Contexte Méthodologique
Mes sources sont un entretien avec Mme Gianni et sa fille, deux observations lors d'une toilette par deux infirmières différentes, ensuite trois passages au moment d'une séance de kiné, le tout étalé sur une année, de septembre 2011 à septembre 2012 (Monsieur Gianni décèdera début janvier 2013). Après le soin justifiant ma présence, je suis chaque fois restée pour le repas qui suivait de Mr Gianni (petit déjeuner après la toilette, dîner après la kiné, ce qui m'a donné l'occasion de rencontrer les gardes (Catou et Aimée). J'ai par ailleurs eu un entretien avec l'infirmière de référence et avec le kiné. J'ai participé à une réunion de l'équipe infirmière intervenant chez les Gianni.
Vignette

Mme Gianni, reconnait la présence de Mr Gianni, le fait qu'il fasse la différence entre les personnes qui en prennent soin, qu'il aime certaines choses et d'autres pas. Mme Gianni est attentive à ce que les gardes respectent ces désirs de son mari : elle explique par exemple à Aimée qui n'est là que depuis une semaine que si son mari tire sa main vers la droite, c'est qu'il veut aller vers le fauteuil faire la sieste ou qu'il faut être attentive à son rythme en lui donnant à manger (« on a toutes tendance à aller trop vite »).

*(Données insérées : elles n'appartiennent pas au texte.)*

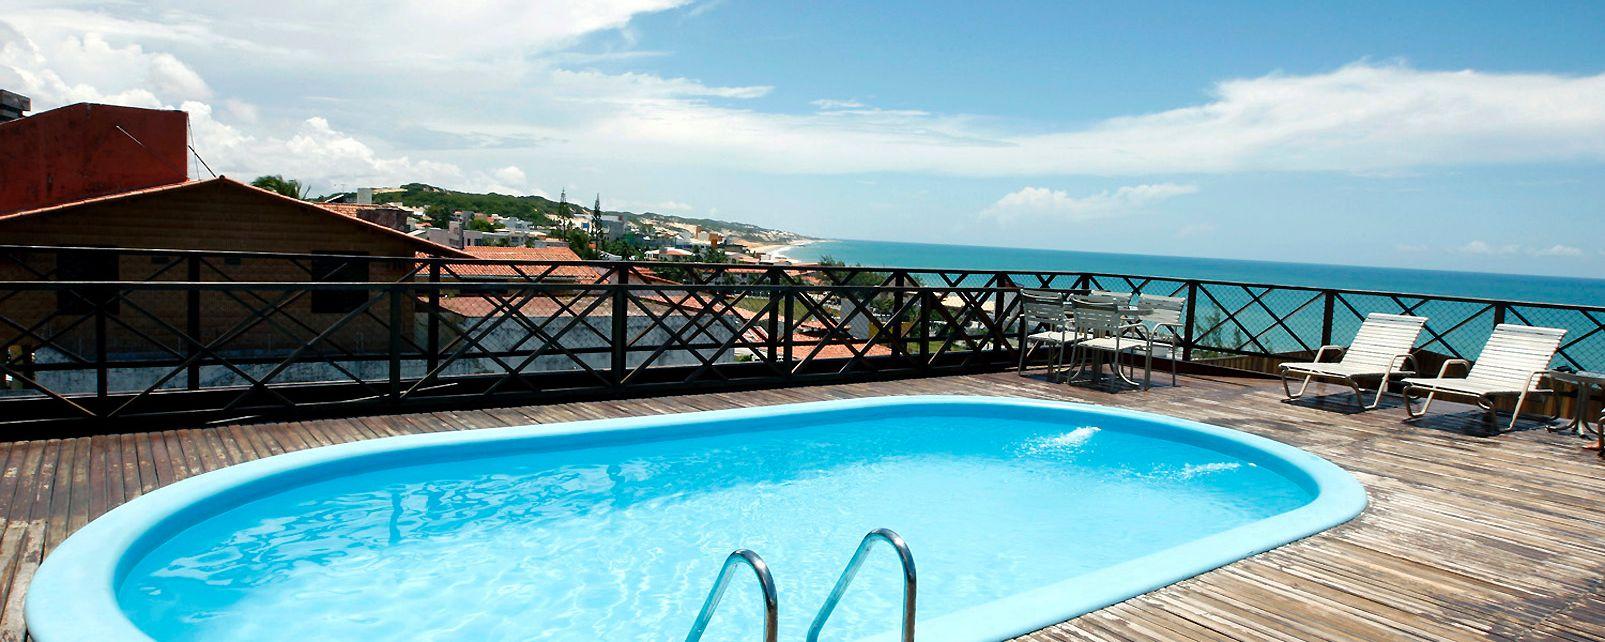 Hotel Delphia Marsallis
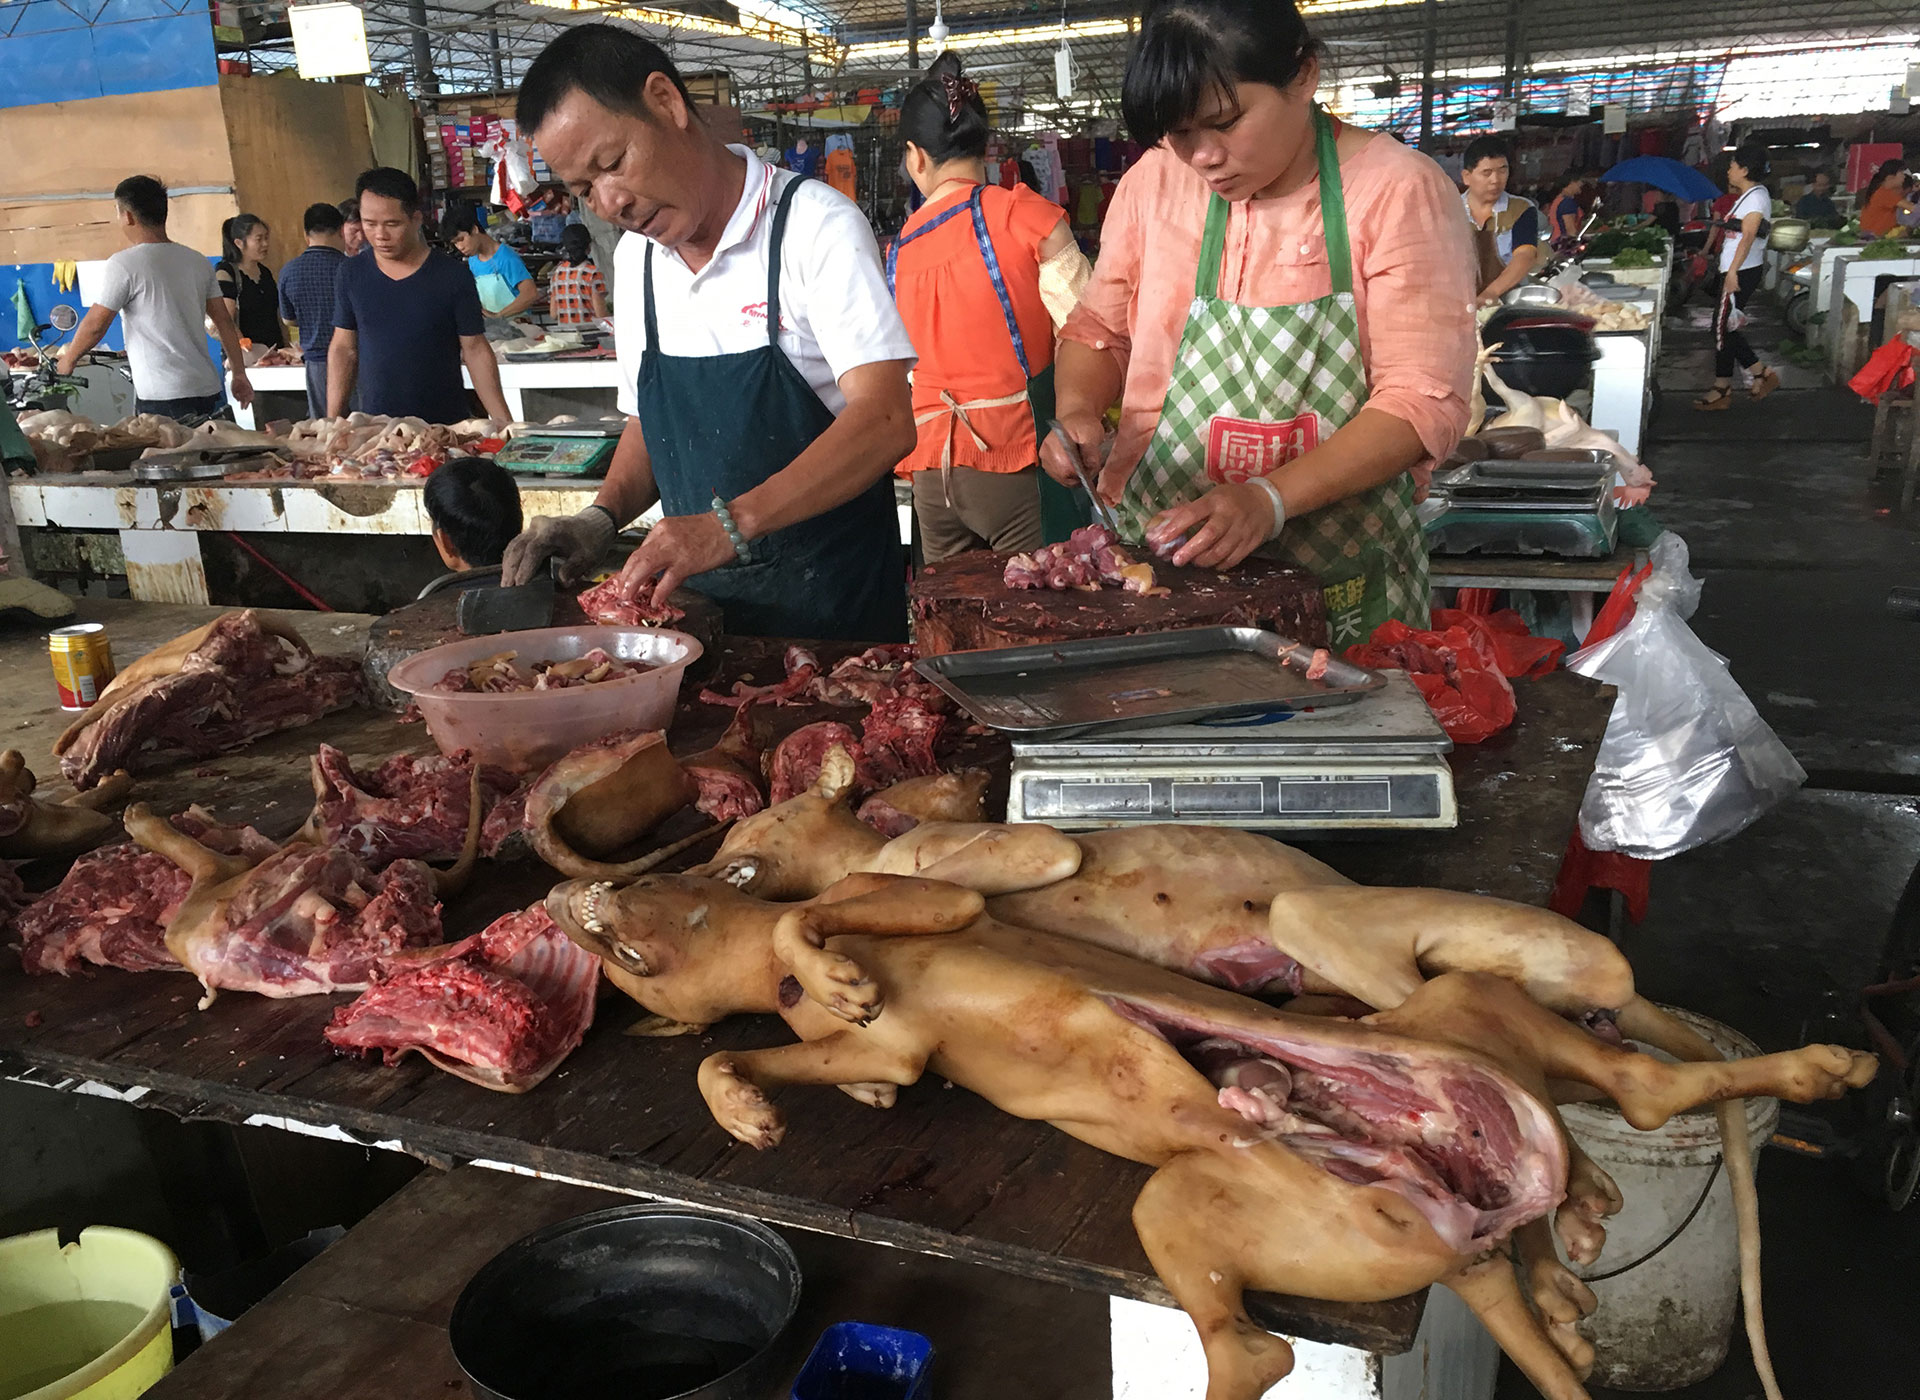 El festival de Yulin no es una tradición arraigada en la sociedad china, sino que fue creado en 2010 por los propios vendedores de carne de perro para incrementar sus ventas

Il est considéré comme un interlocuteur, que son épouse a le souci d'intégrer dans les conversations qui se tiennent en sa présence, par exemple :

Après le repas de Mr Gianni, on reste à table à parler, Catou [une des gardes], moi et Mme Gianni qui tient la main de son mari, avec une façon assez souple de l'intégrer régulièrement dans l'échange : « ça va ? » « Tu as bien mangé ? » Catou aussi le sollicite : « qu'est-ce que vous voulez faire, Mr Gianni ? Un peu marcher ? la sieste ? » Lui est très présent, prend des mains, les miennes aussi.

Mme Gianni lui donne parfois des signes de tendresse, auxquels il semble sensible :

Après le petit déjeuner, Mr Gianni finit par ouvrir les yeux, en particulier lorsque sa femme lui parle, qu'elle vient à un moment mettre sa tête contre la sienne, très gentiment, d'une tendresse un peu bourrue qui me touche beaucoup.

Sa tenue fait l'objet d'une attention particulière, ritualisant le respect qui lui est dû. Après la toilette faite par Josiane, Mme s'approche de son mari et lui dit :

« Bon, je vais mettre un peu d'ordre dans tout ça, parce qu'avec Josiane… ! » Elle tire bien sur la chemise, le pantalon, vérifie la protection, …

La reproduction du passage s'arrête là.